DAG Construction: How to Draw a Causal Graph Before You Touch the Model

Most bad adjustment strategies are born long before the regression table. They start when someone never makes the causal structure explicit, throws every available variable into a model, and calls that “rigorous.” A good directed acyclic graph — a DAG — forces you to say what causes what, what happens before what, and what should not be conditioned on. That is why DAG construction is not decorative. It is design work.
In this guide
- 1. Why DAG construction matters before any model
- 2. What a DAG is, and what it is not
- 3. Start with the causal question, not the variable list
- 4. Time ordering: the part people keep screwing up
- 5. How to choose nodes and arrows
- 6. Confounders, mediators, colliders, and proxies
- 7. Clinical example: ICU sedation and delirium
- 8. From graph to adjustment set
- 9. Eight common DAG mistakes
- 10. What a serious paper should report
1. Why DAG construction matters before any model
A DAG is a compact statement of your causal beliefs. It tells the reader which variables create confounding, which variables sit on the causal pathway, which variables are colliders, and which paths need to be blocked to identify the effect you actually care about. If you skip that step, adjustment becomes a vibes-based activity.
The blunt version
“We adjusted for all available covariates” is not a strength. It is usually a confession that no one thought carefully about causality.
The value of a DAG is not that it makes you look sophisticated. The value is that it makes your assumptions visible enough to be challenged. Hidden assumptions are where bad epidemiology goes to survive peer review.
2. What a DAG is, and what it is not
A DAG is a directed graph because arrows point from causes to effects. It is acyclicbecause you are not allowed to draw feedback loops inside the same time slice. If A causes B, B causes C, and C causes A, you either have the wrong time indexing or you need repeated time points rather than a single cross-sectional picture.
A DAG is for
- • Making temporal and causal assumptions explicit
- • Identifying confounding and collider structures
- • Choosing a minimally sufficient adjustment set
- • Explaining why some variables should be left out
A DAG is not for
- • Summarizing associations only
- • Showing every measured variable just because you have it
- • Replacing domain knowledge with software defaults
- • Pretending uncertainty disappears once a graph exists
My take: the best DAGs are brutally simple. If your graph needs a keynote animation and a motivational speech, it probably is not doing the job.

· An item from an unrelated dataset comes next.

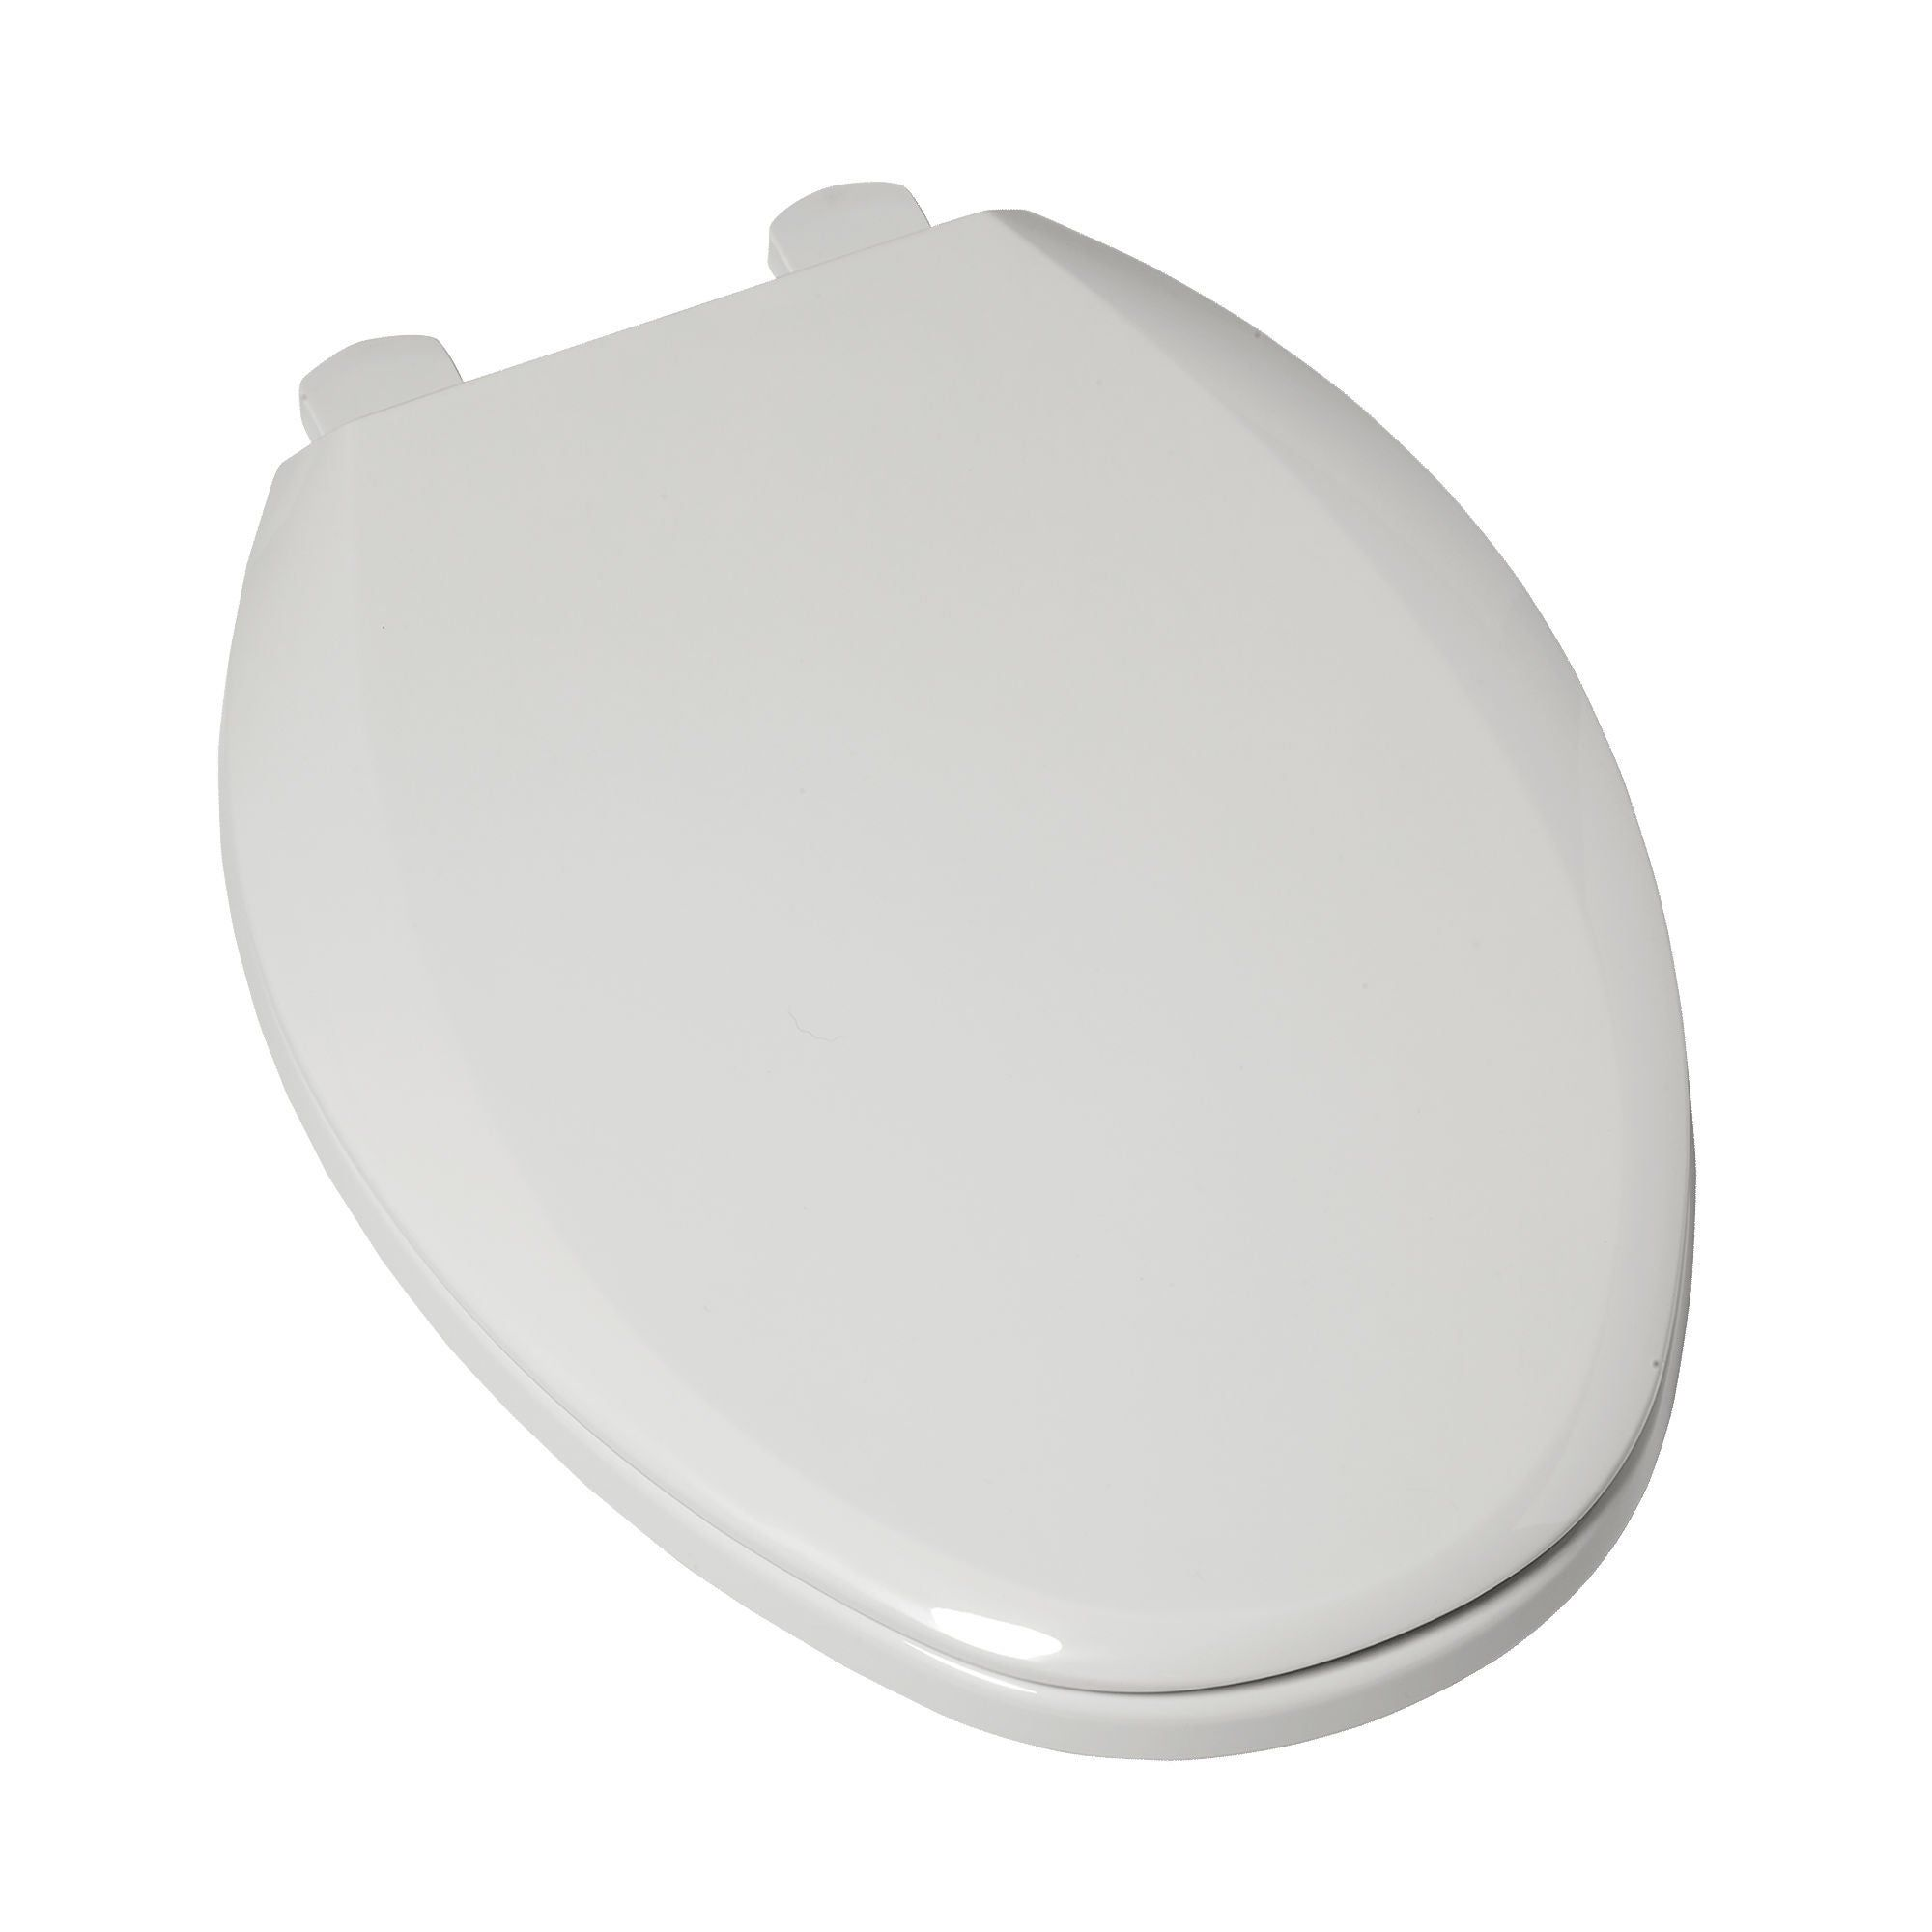 American Standard Plastic Elongated Toilet Seat 5257a 65d 020

3. Start with the causal question, not the variable list
Before you draw a single node, define the exposure, outcome, target population, and estimand. Are you asking about treatment initiation, treatment intensity, policy exposure, or adherence? Is the outcome short-term mortality, 1-year functional recovery, or biomarker change? Different questions produce different DAGs.
Useful rule
If you cannot write your causal question in one sentence, you are not ready to draw the graph. You are still collecting nouns.

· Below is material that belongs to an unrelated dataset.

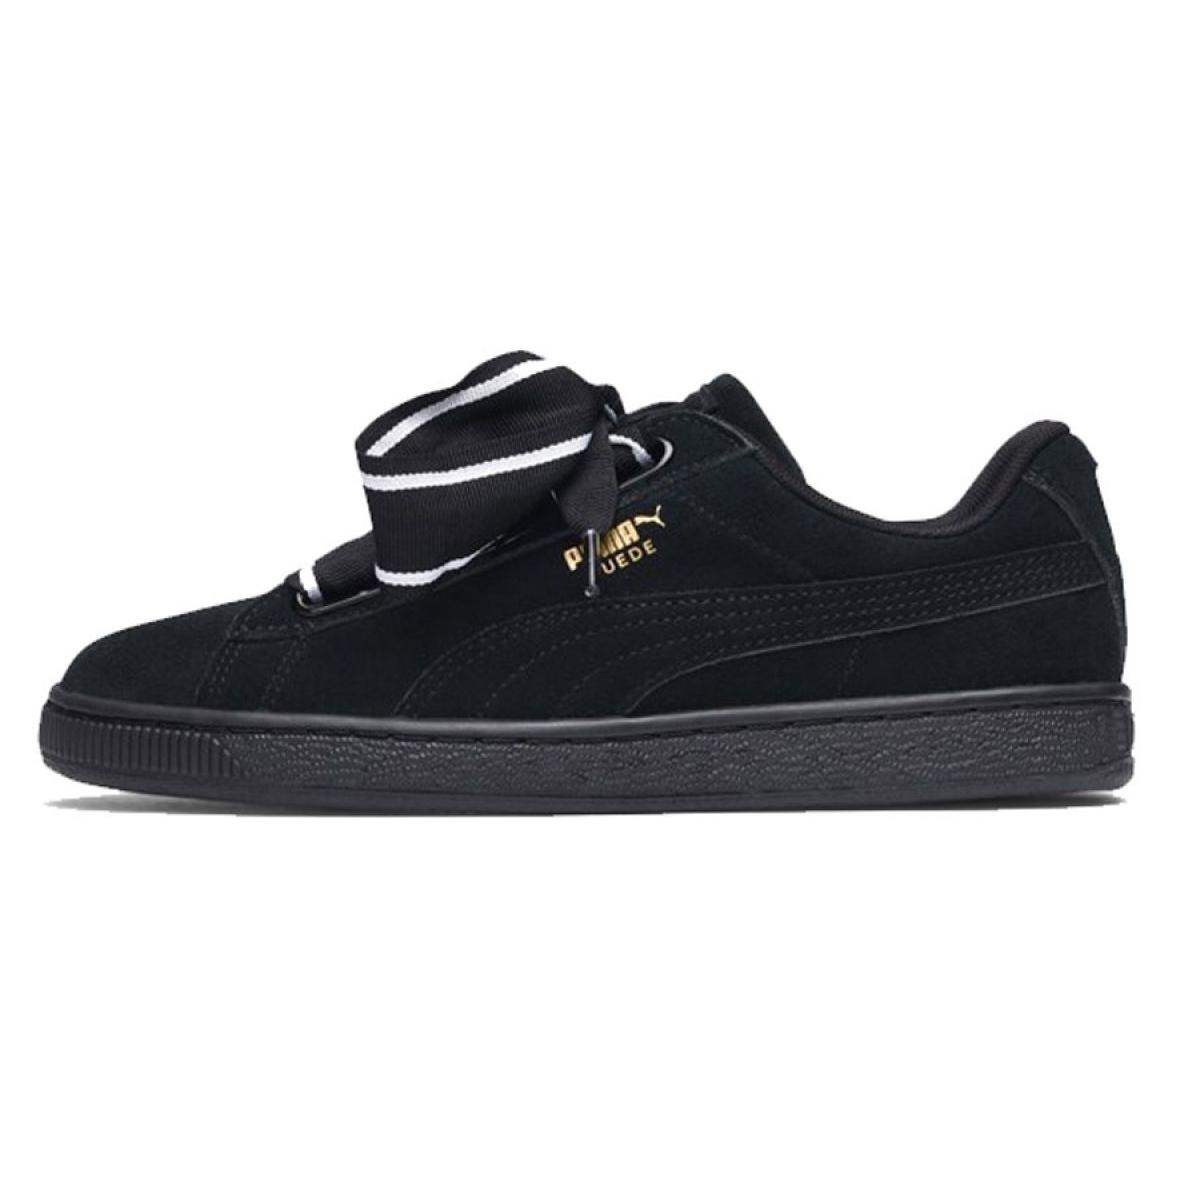 Heart Butymodne Suede Satin Ii Puma 01 Chaussures 364084 W Noir pl 3TKJ1cuF5l

This matters because “sedation” and “deep sedation in the first 24 hours of ICU admission” are not the same exposure. “Delirium” and “delirium assessed after extubation using CAM-ICU” are not the same outcome. DAGs force that precision.
4. Time ordering: the part people keep screwing up
The fastest way to ruin a DAG is to ignore timing. Variables only make causal sense if you know when they happen. Baseline severity can affect treatment choice. A post-treatment lab value cannot confound treatment assignment that already happened. A discharge variable cannot cause an admission exposure unless you have invented time travel.

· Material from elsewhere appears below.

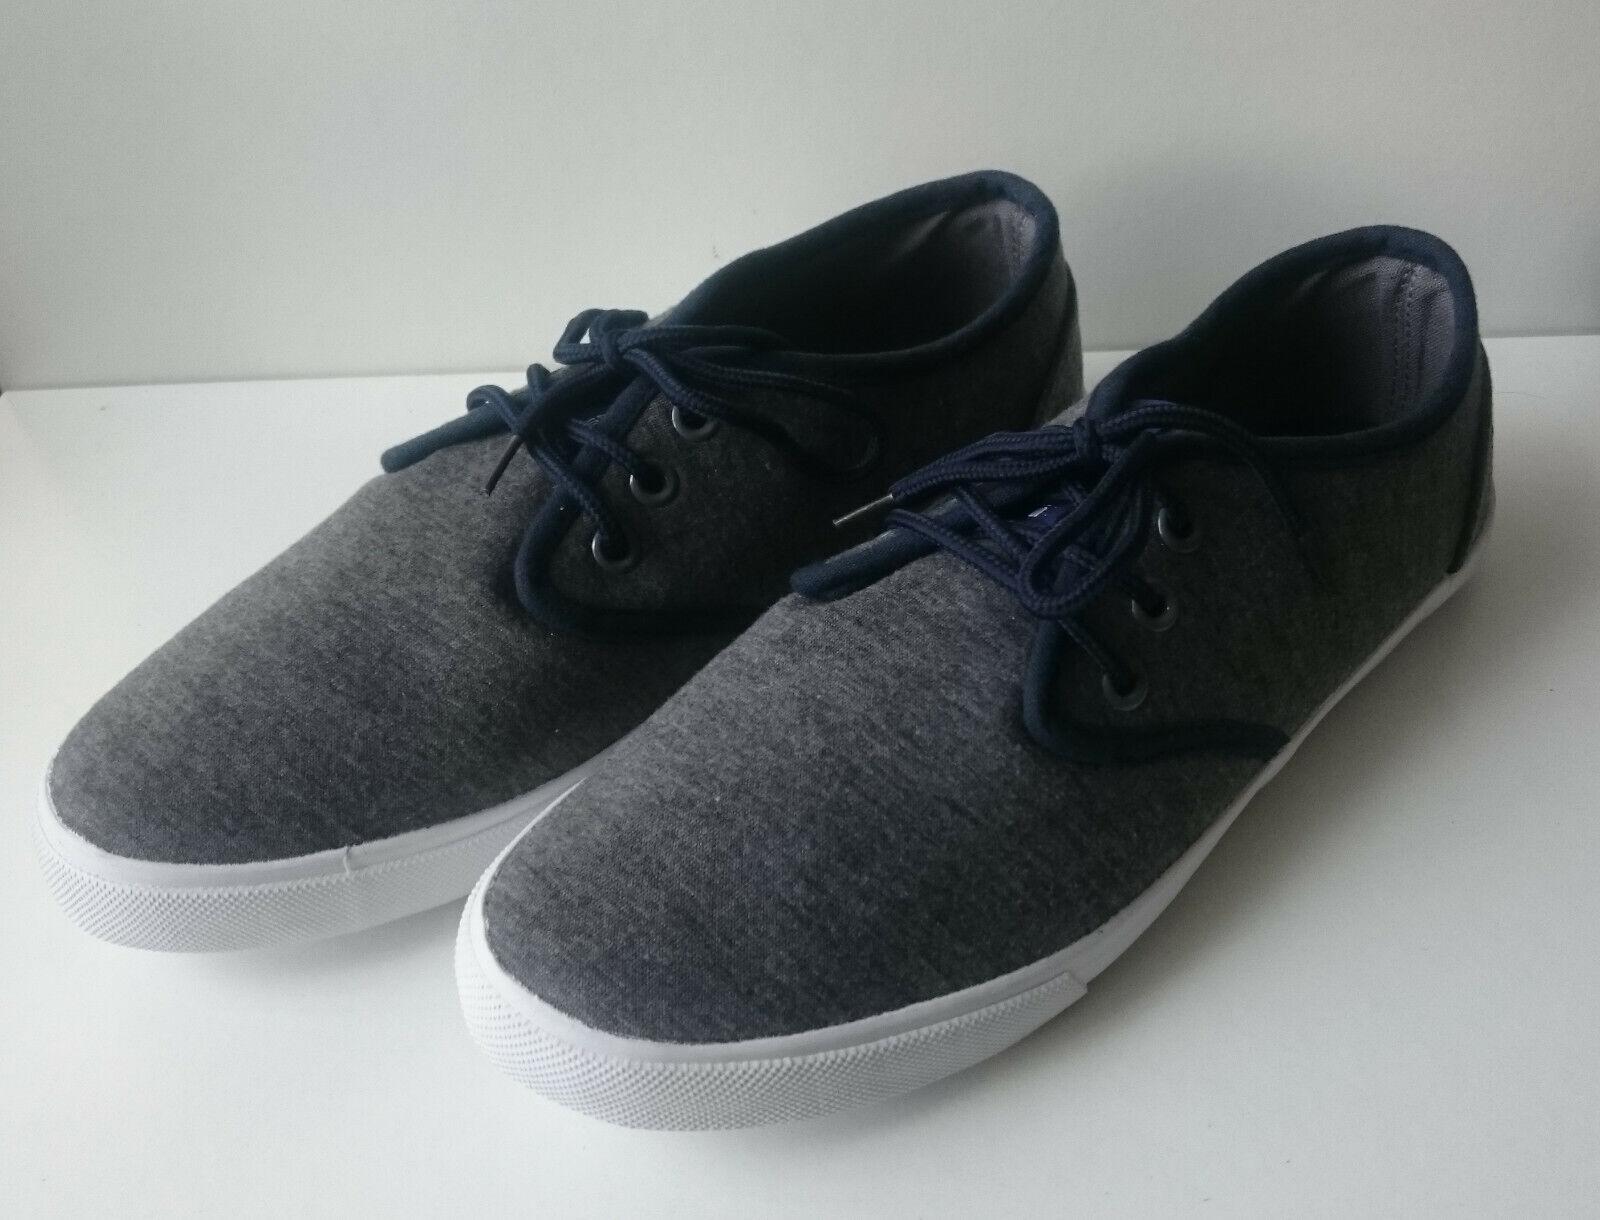 Grey / Navy Canvas Pumps Shoes - Size

Put baseline variables on the left
Demographics, preexisting disease, prior utilization, and baseline severity should precede treatment in the graph if they genuinely come first.
Put the exposure at a defined time zero
Do not draw a fuzzy treatment node if the intervention unfolds over time. Define what counts as exposure and when it starts.
Separate post-treatment events
Complications, adherence, biomarkers, and care intensity after treatment initiation belong downstream, not alongside baseline confounders.
Use multiple time points when needed
If feedback exists over time, a single static DAG may hide the real problem. Expand the graph instead of lying with a simpler picture.
If your graph ignores time, your “confounders” will quietly become mediators, and your adjustment set will quietly become a bias generator.
5. How to choose nodes and arrows
A node should represent a concept that matters for the causal question, not every column in your spreadsheet. Start with broad constructs, then split nodes only when the distinction changes your causal logic. The graph is about causes, not data dictionary completeness.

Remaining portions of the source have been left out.